A propósito do post de ontem do João Carmo... E pensando em transmitir para o pessoal leigo este que foi o maior avanço dos últimos anos
Quem nunca
teve a impressão de estar fazendo um caminho muito mais longo e difícil do que
poderia ter feito, se tivesse divisado a rota antes de iniciar a jornada?
Desde que
me conheço por gente, um diagnóstico de câncer era uma das piores coisas que
poderiamos imaginar acontecer. Não apenas porque não havia grandes chances de
cura, mas porque o tratamento em si era debilitante e os efeitos colaterais,
assustadores.
Tumores
surgem porque às vezes os mesmos mecanismos biológicos que nos permitiram
evoluir a partir de uma única célula falham momentaneamente. Uma única falha
não gera um tumor; é preciso que se acumulem várias falhas em algumas células.

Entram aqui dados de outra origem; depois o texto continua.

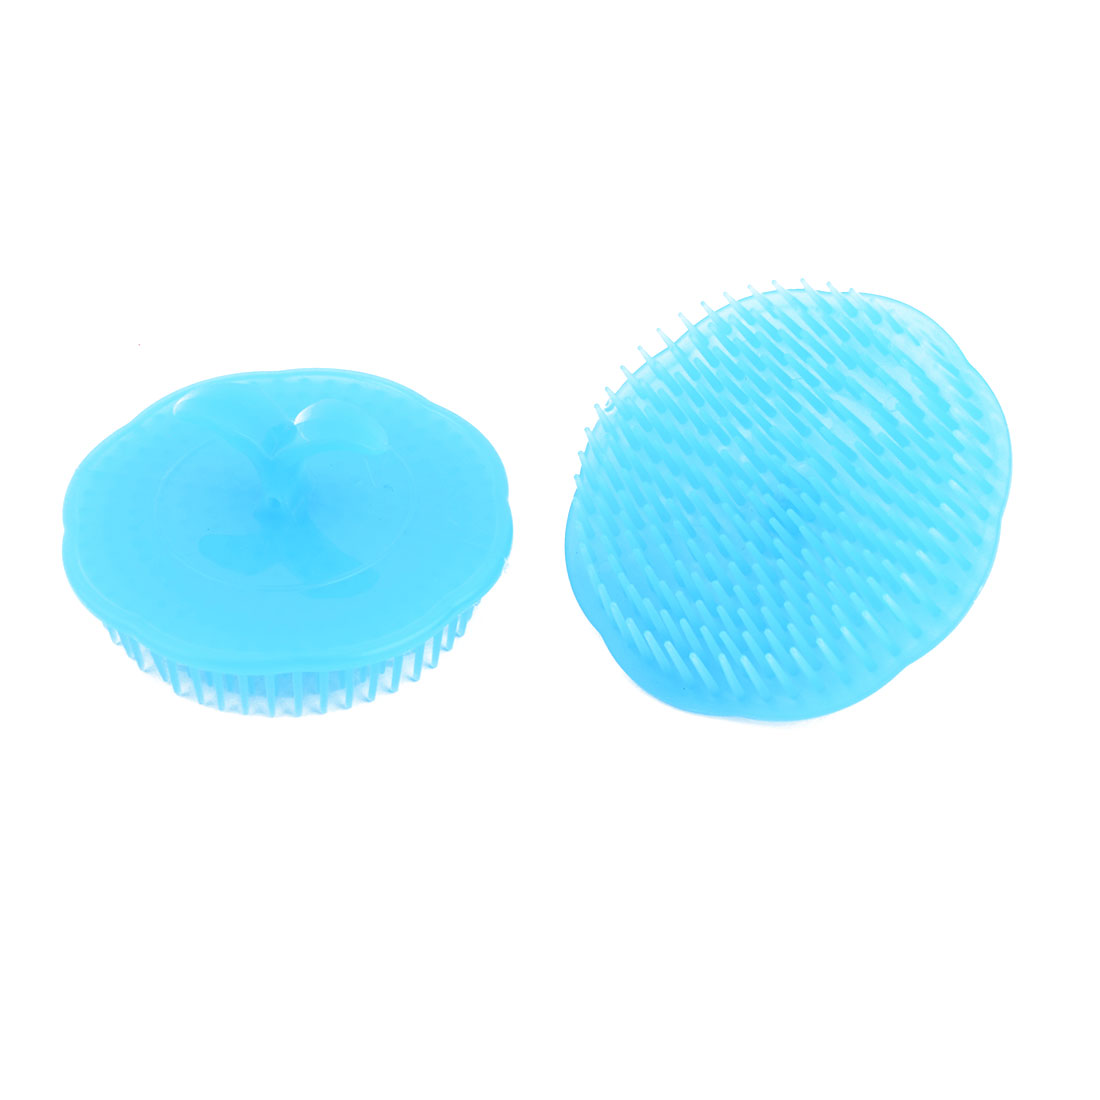 Household Plastic Handheld Head Hair Massaging Tool Shampoo Brush Blue 2pcs

Por isso, na maioria das vezes, o câncer ocorre na idade adulta ou velhice, mas
nem sempre, há cânceres infantis. Células tumorais são rebeldes que não se
conformam mais com as regras definidas geneticamente para habitar um mesmo
corpo. Os cientistas que estudam o
câncer, na sua maioria, focaram em entender os mecanismos dessa rebeldia, e as
drogas anti-câncer sempre visavam impedir a divisão desenfreada dos tumores.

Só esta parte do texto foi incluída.